The judge considered, however, other routes by which the same result could be achieved. One route was to incorporate an agreement within the order, backed by undertakings, to obtain an order in the foreign jurisdiction where one is available (such as the USA). This would require evidence that the foreign jurisdiction would agree to such an order. This route was not available to Mrs Goyal as she had failed to provide any evidence for the court that the Indian Court would make any sort of order.

Another would be to make an order under s. 24(1)(c) of the 1973 Act for a variation of settlement in relation to the pension (see Brooks v Brooks [1996] AC 375). There was some argument that this route too would be blocked by the presumption against extra-territorial effect, however that was a matter not before the court and so was not decided. This route was not available to Mrs Goyal as the court had previously dismissed her claims for property adjustment and financial provision orders.
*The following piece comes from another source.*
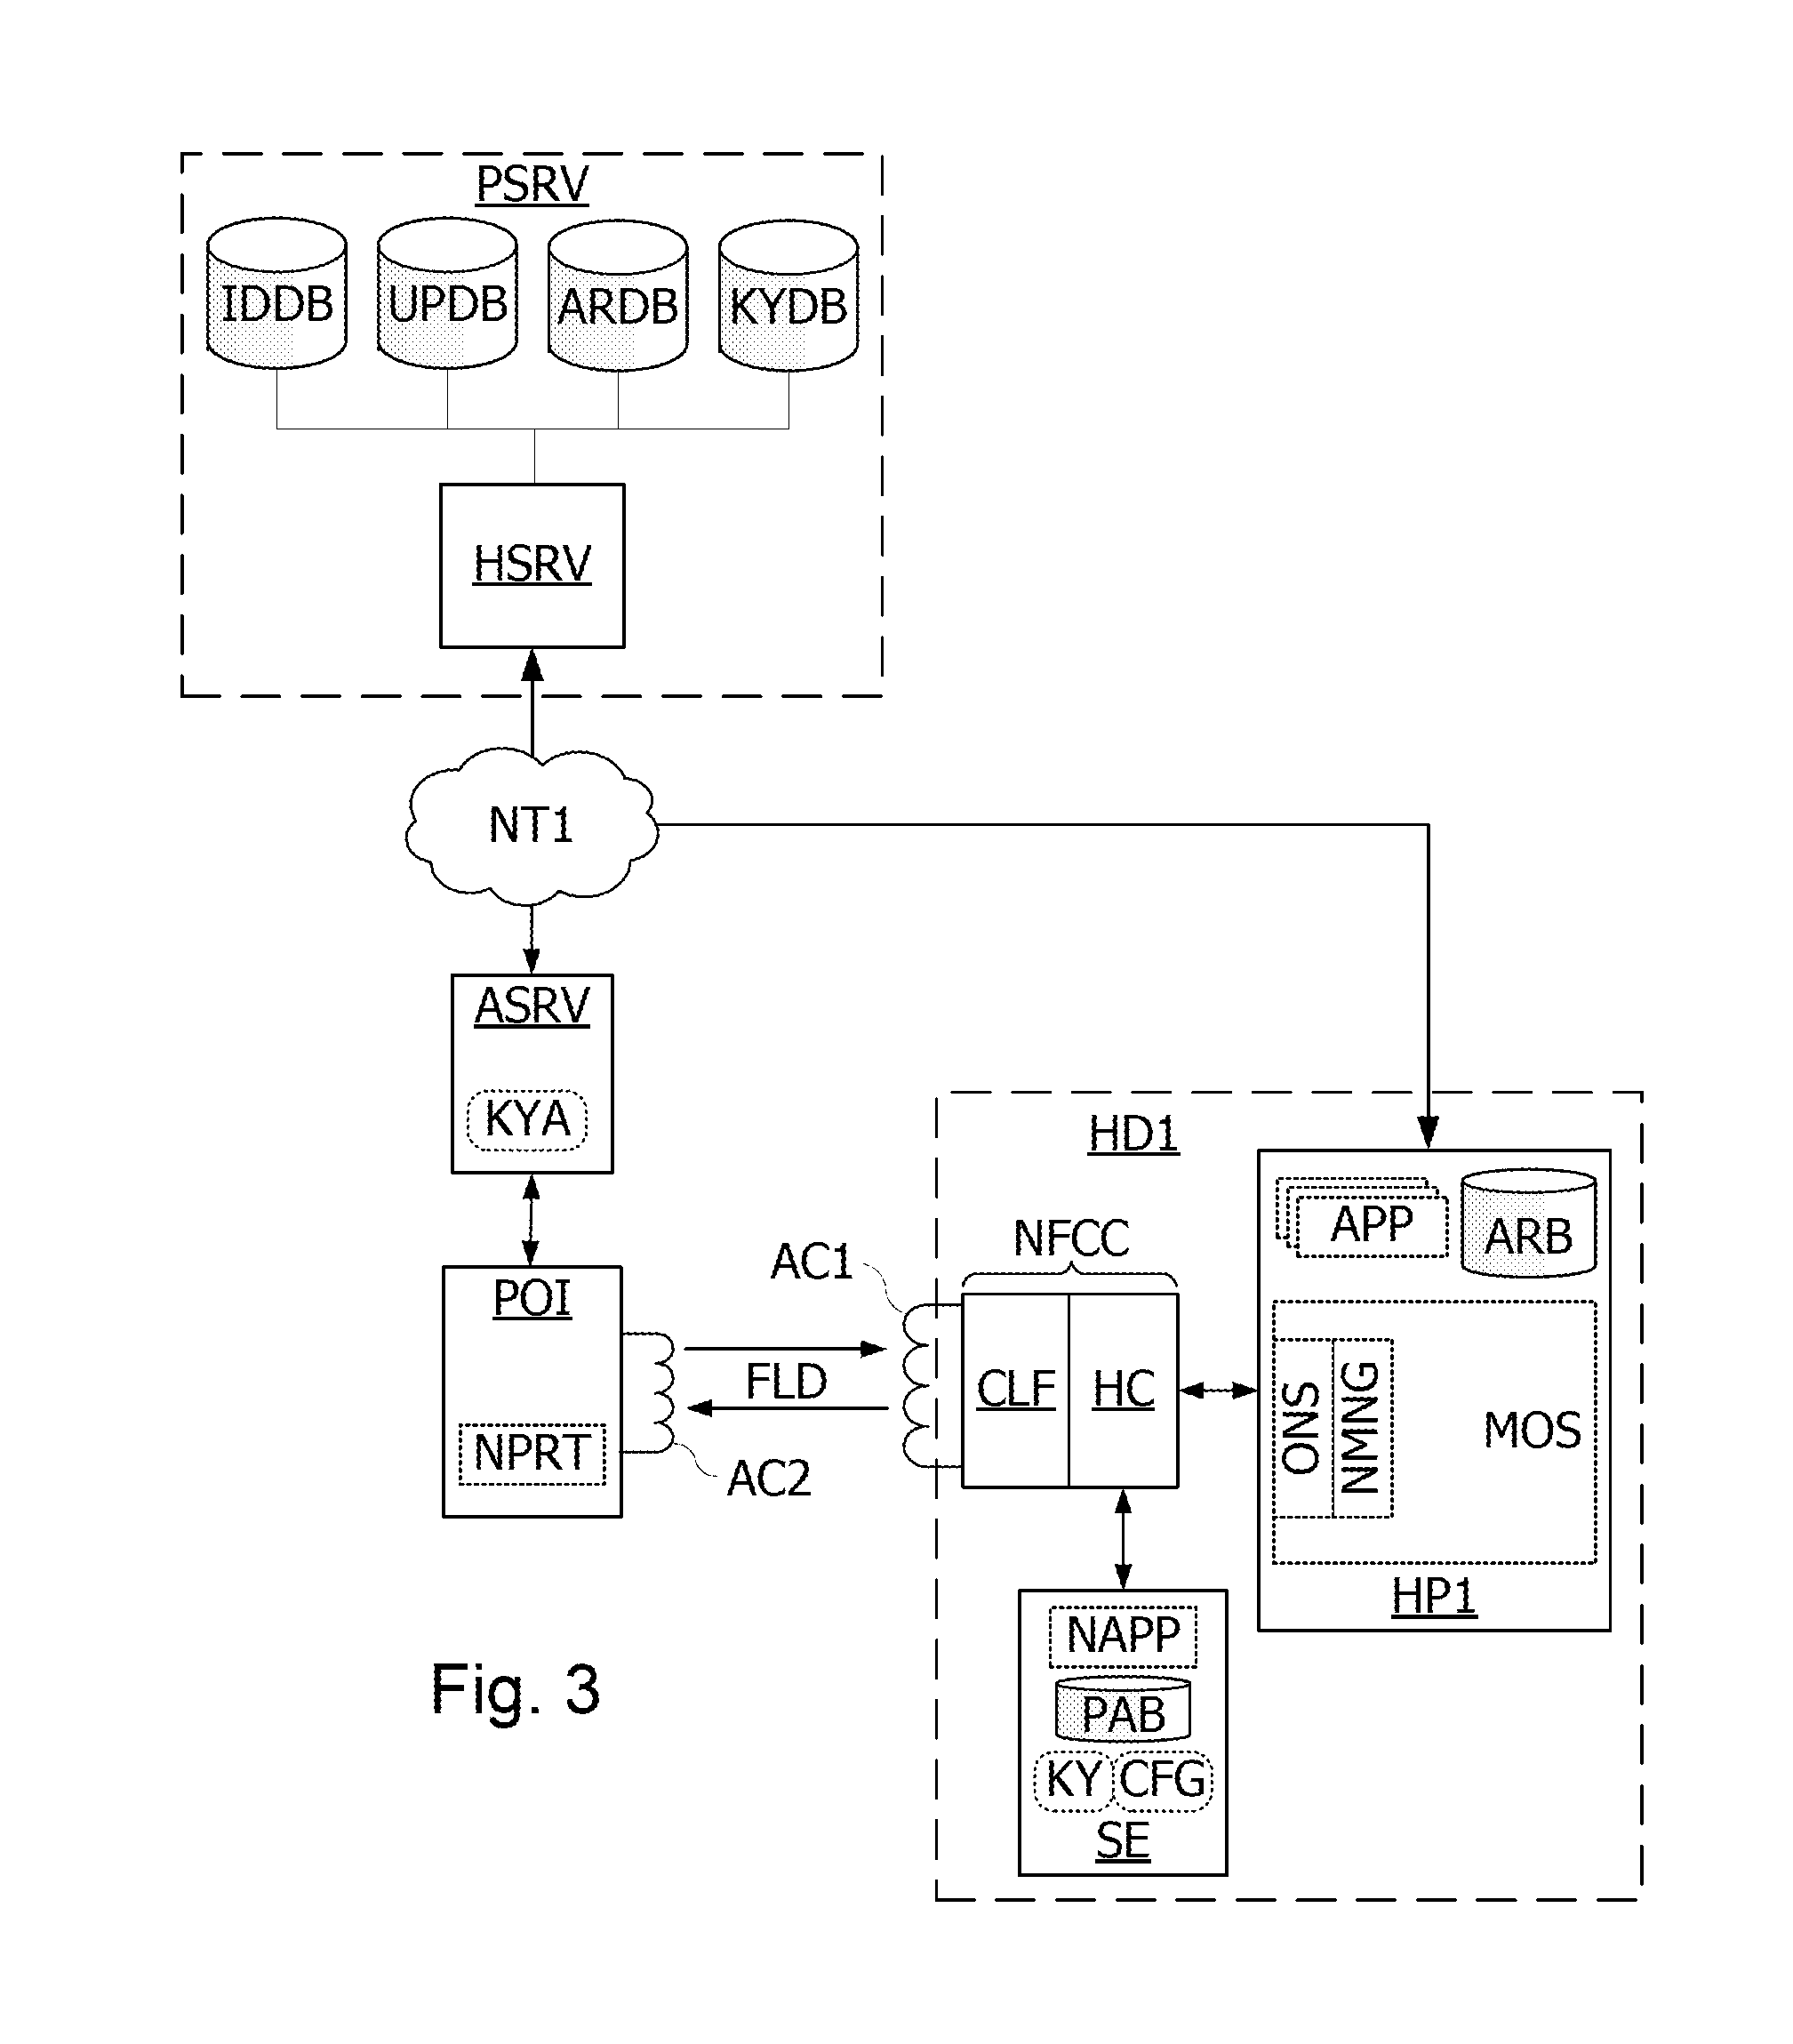 Method of performing a secure application in an NFC device

The court could, however, make an order for periodical payments in the full amount of the annuity. That order could be accompanied by a legitimate injunction requiring the husband to receive the maximum amount and to pay it to the wife. These issues were adjourned for a further hearing on a later date.

It can be concluded then that, subject to any further appeal, the court is unable to make a pension sharing order in relation to any foreign pension scheme but can only either;

  • Include in an order an agreement, supported by undertakings, that the parties will obtain such an order in the jurisdiction where the pension is held, provided that there is evidence that such an order is possible,
  • Make a variation of settlement order in relation to that pension, providing there is evidence that such an order will be enforced, or
  • Make a periodical payments order, supported by injunctions to ensure that the monies are paid and that the pension (if in payment) is taken in full.